Balázs Kiss

Personal information
- Nationality: Hungarian
- Born: 21 March 1972 (age 54) Veszprém, Hungary
- Height: 1.88 m (6 ft 2 in)
- Weight: 115 kg (254 lb)

Sport
- Country: Hungary
- Sport: Athletics
- Event: Hammer throw

Achievements and titles
- Personal best: 83.00 m (1998)

Medal record
Men's athletics
Representing Hungary
Olympic Games
| Gold medal – first place | 1996 Atlanta | Hammer throw |
European Championships
| Silver medal – second place | 1998 Budapest | Hammer throw |
Universiade
| Gold medal – first place | 1995 Fukuoka | Hammer throw |
| Gold medal – first place | 1997 Catania | Hammer throw |
| Silver medal – second place | 1993 Buffalo | Hammer throw |

= Balázs Kiss (hammer thrower) =

Hungarian hammer thrower

Balázs Kiss (/hu/; born 21 March 1972) is a retired Hungarian hammer thrower. He is the 1996 Olympic champion and the 1998 European Championships silver medalist, and has two fourth places from World Championships. His personal best throw was 83.00 metres, achieved during the 1998 Golden League circuit.

==Early career==
Kiss was born in Veszprém. As a junior athlete he won the bronze medal at the 1991 European Junior Championships, with a throw of 68.40 metres. The same year he had thrown 70.66 metres.

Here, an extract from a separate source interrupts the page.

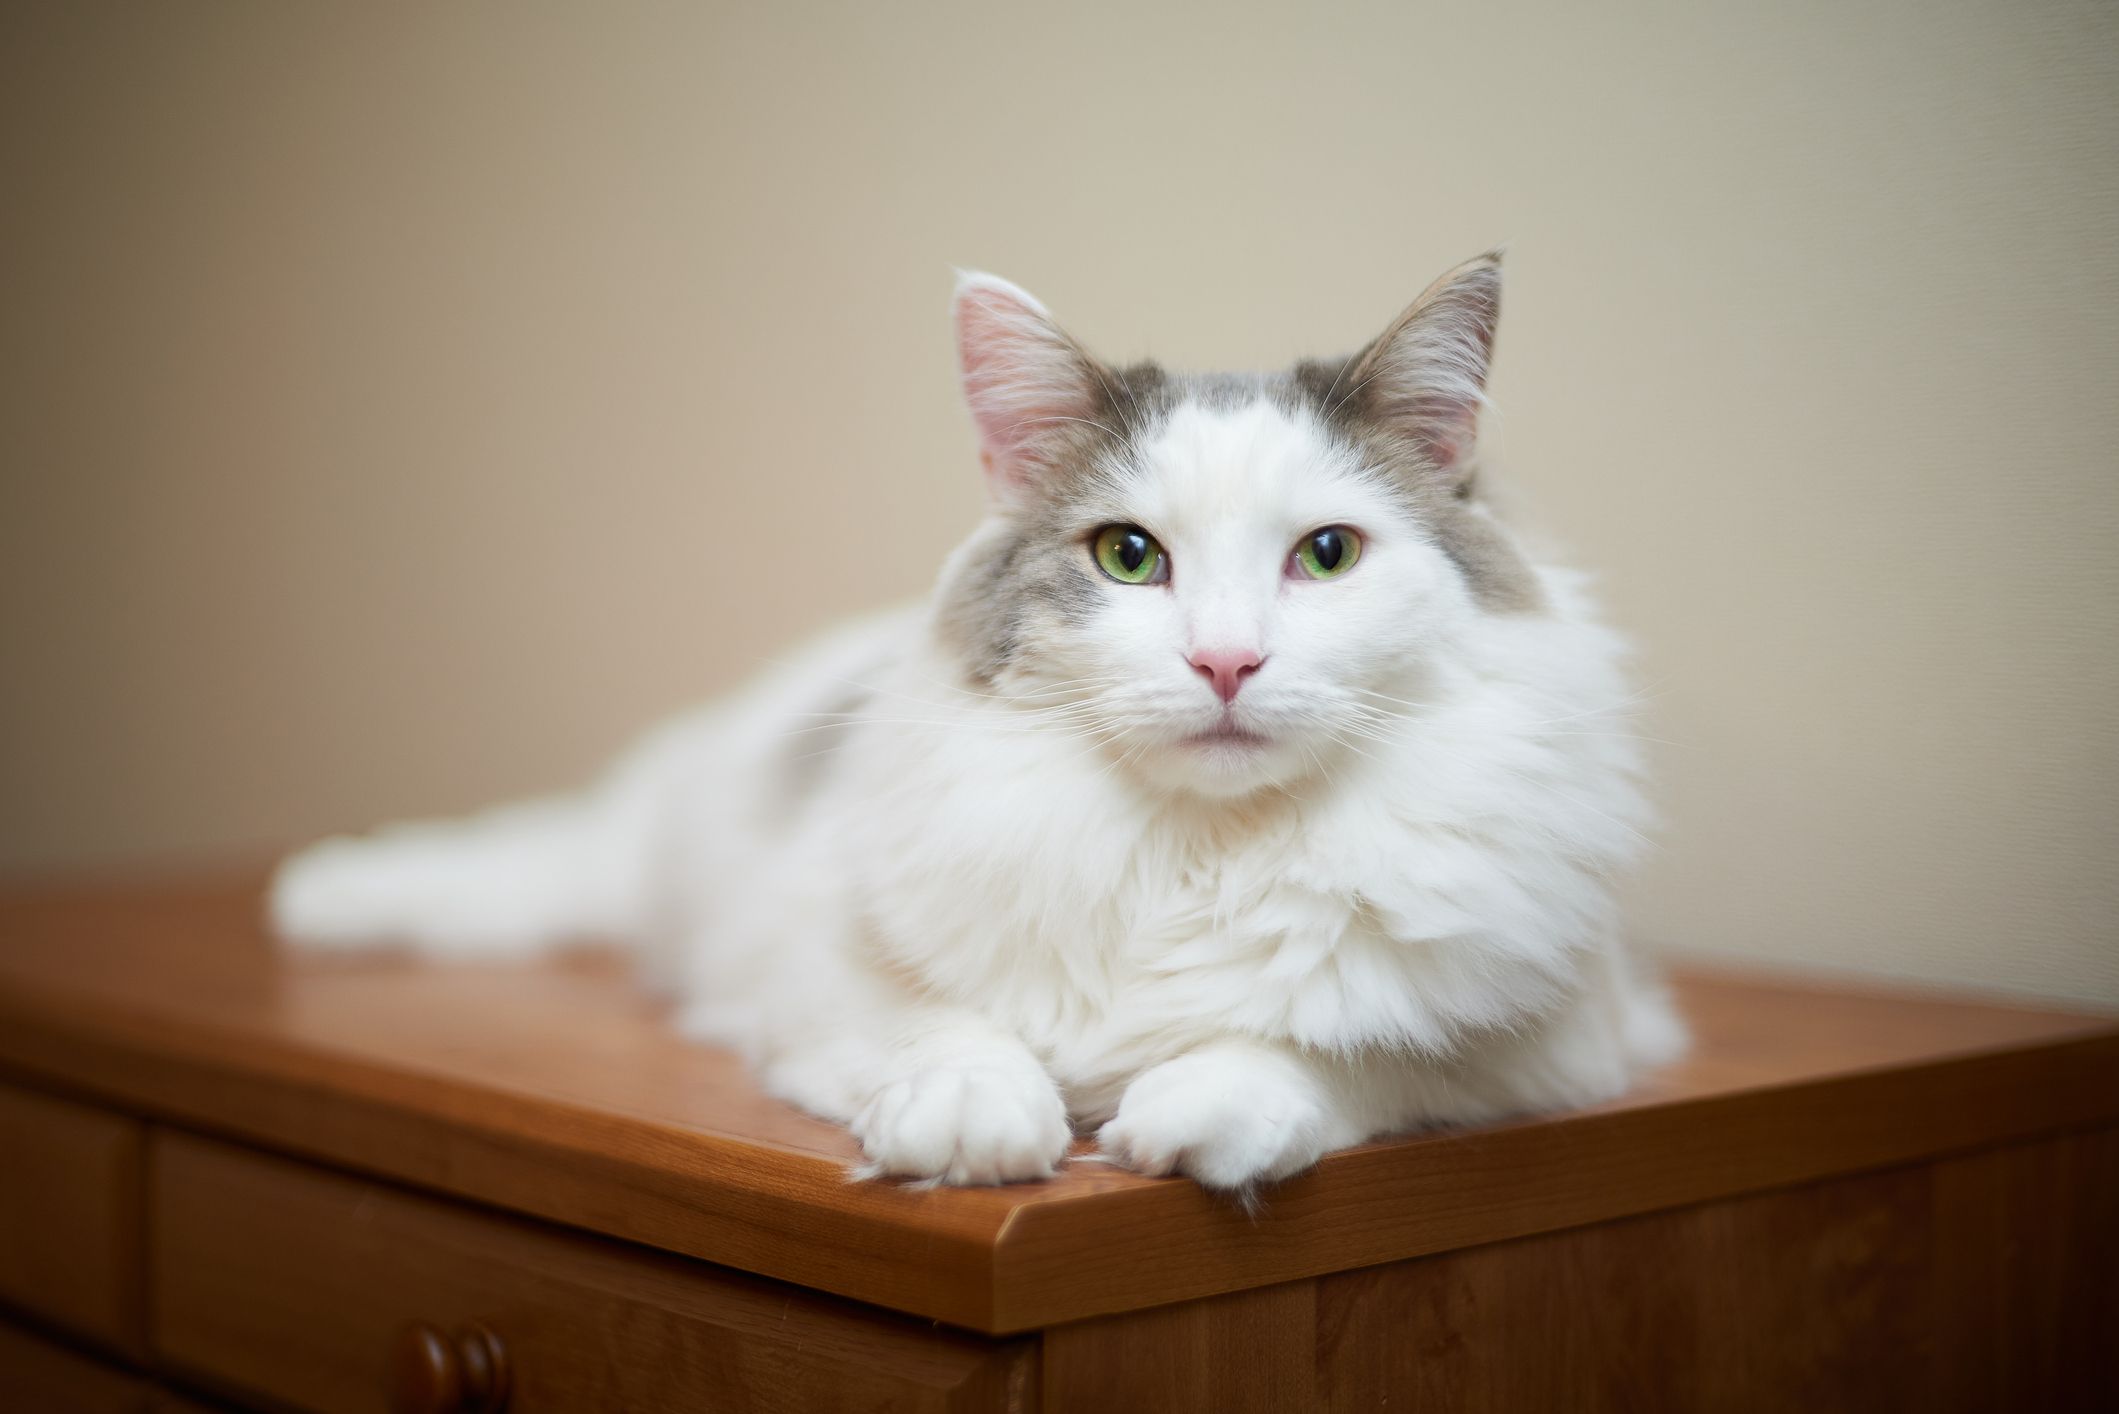 A white cat with long hair and green eyes sitting on a wood dresser and looking at the camera.

Kiss then enrolled as a student in the United States. He won the 1993 National Collegiate Athletic Association Division I Outdoor Track and Field Championships with a throw of 75.24 metres, and later won three more titles in a row. In 1995 and 1996 he set new championship records with 79.62 metres and 80.86 metres respectively. He represented the University of Southern California (USC) in the U.S. where in 1994 he became the first USC athlete in 26 years to win consecutive titles at the NCAA Track and Field Championships.

==International career==
Kiss finished twelfth at the 1994 European Championships. In 1995 he broke the 80-metre barrier for the first time, his season's best being 82.56 metres, achieved in Veszprém in August. He participated at the 1995 World Championships, and finished fourth. Kiss was almost two metres short of the bronze medal, which was won by compatriot Tibor Gécsek. However, Kiss won the gold medal at the 1995 Summer Universiade.

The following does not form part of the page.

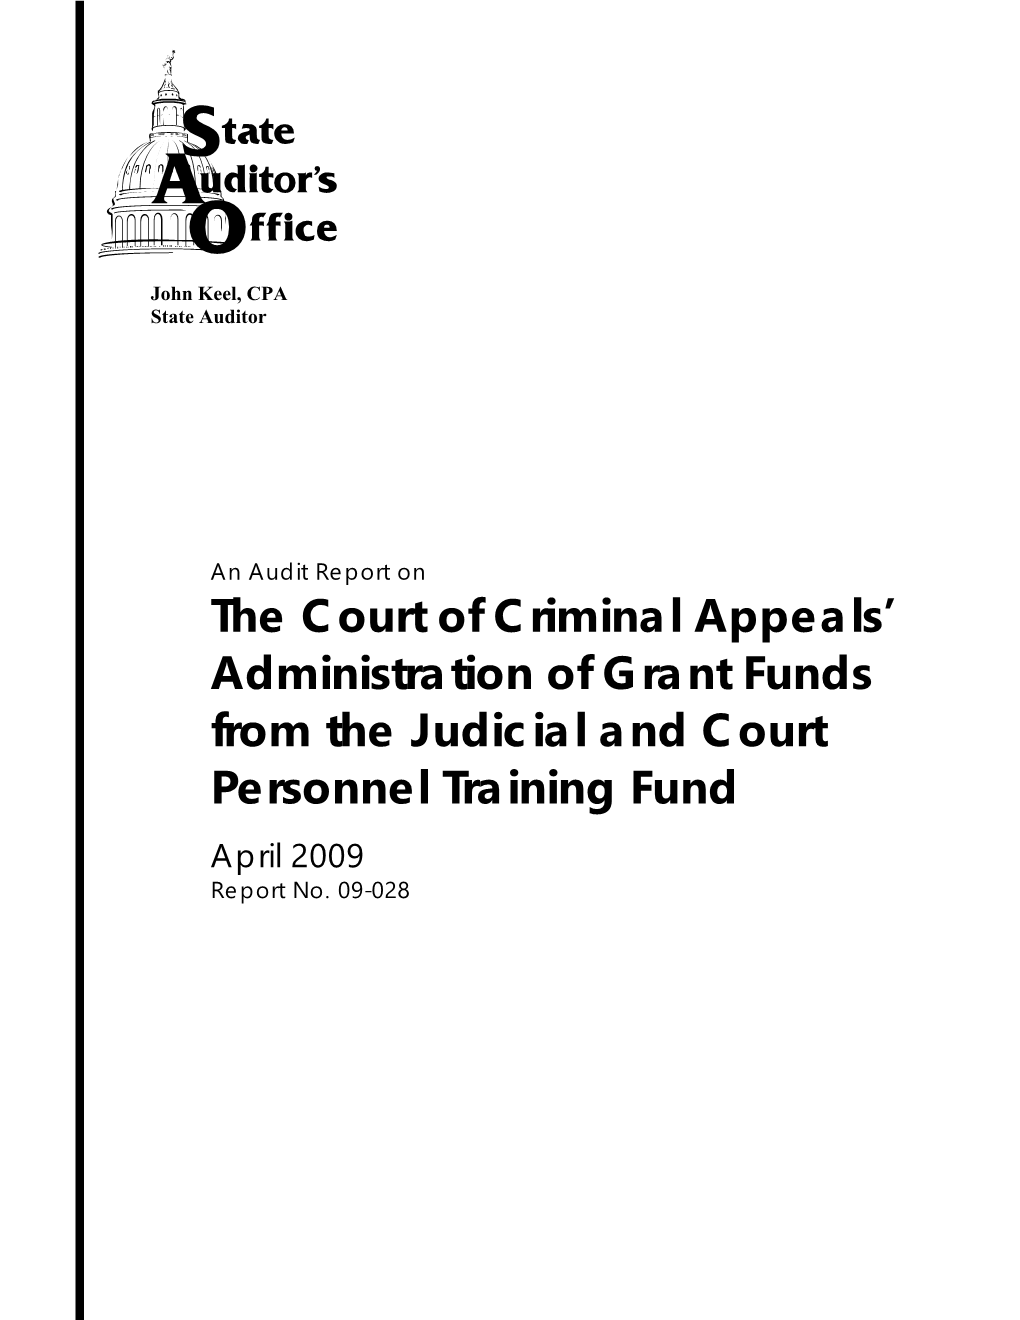 The Court of Criminal Appeals' Administration of Grant Funds From

In 1996 Kiss won the Olympic gold medal with a throw of 81.24 metres. He also finished fourth at the Grand Prix Final. His season's best throw was 81.76 metres, achieved in July in Nice. In 1997 Kiss competed at the World Championships, but finished fourth for the second time. He did defend his Universiade gold medal, though, winning the 1997 Summer Universiade. Like in 1995, he finished ahead of a Ukrainian and a Russian. His 82.90 metre throw from Veszprém in July was a new personal best. In June 1998 Kiss threw the hammer 83.00 metres in the Meeting Gaz de France Golden League meet. This would be his lifetime best performance. He later won silver medals both at the European Championships, again behind Tibor Gécsek, and the Grand Prix Final.

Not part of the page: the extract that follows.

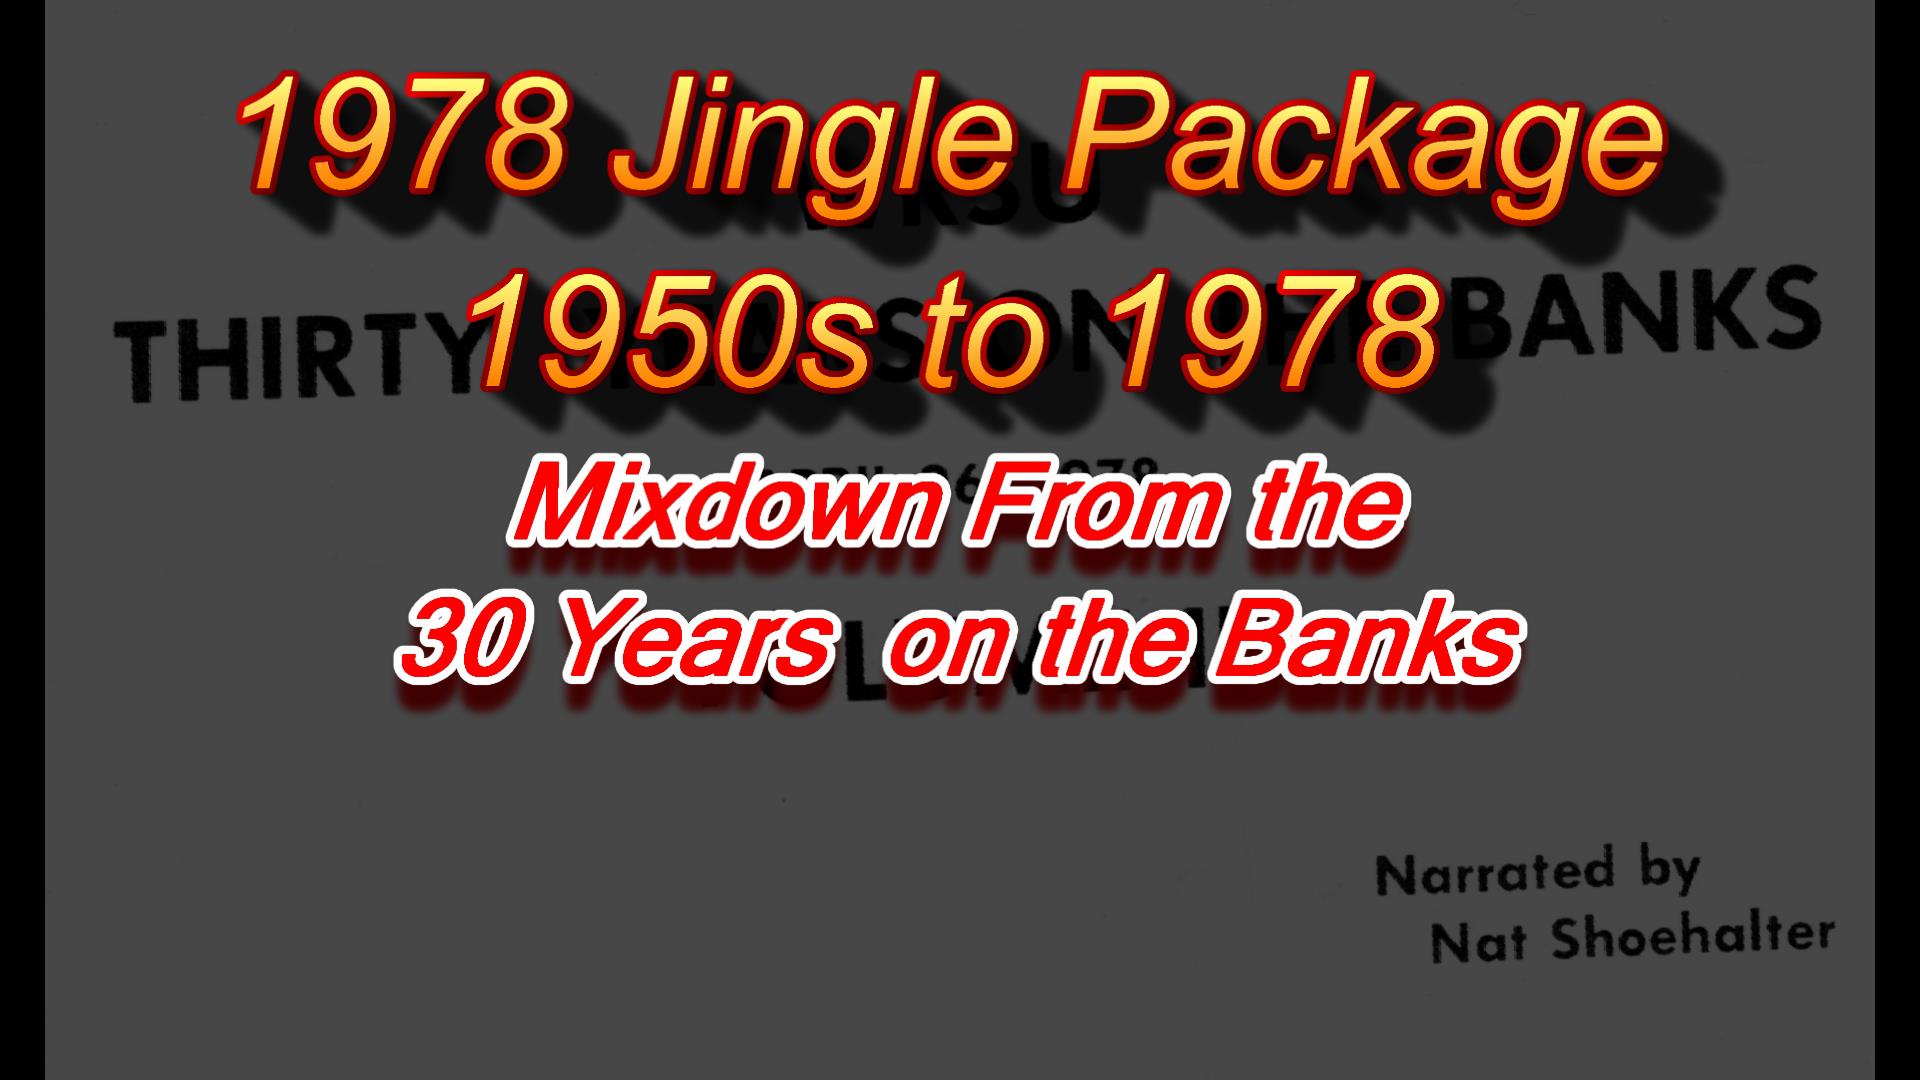 Jingle Package from 30 Years on the Banks

Participations at the World Championships in 1999 and 2001 followed. In 1999 he failed to reach the final, whereas in 2001 he finished sixth. In 2002 he finished fourth at the European Championships and third at the Grand Prix Final. His best throw between 1999 and 2002 was 81.36 metres, achieved in July 2001 in Cottbus. Kiss became the Hungarian champion in 1995, 1998 and 2000, rivalling with Tibor Gécsek, Adrián Annus and Zsolt Németh.

He announced his retirement in July 2004. He stands 1.88 m tall, and during his active career he weighed 117 kg.

Kiss was inducted into the USTFCCCA Collegiate Athlete Hall of Fame in 2024.

==Awards==
- Hungarian athlete of the Year (3): 1995, 1996, 1997
- Order of Merit of the Republic of Hungary – Officer's Cross (1996)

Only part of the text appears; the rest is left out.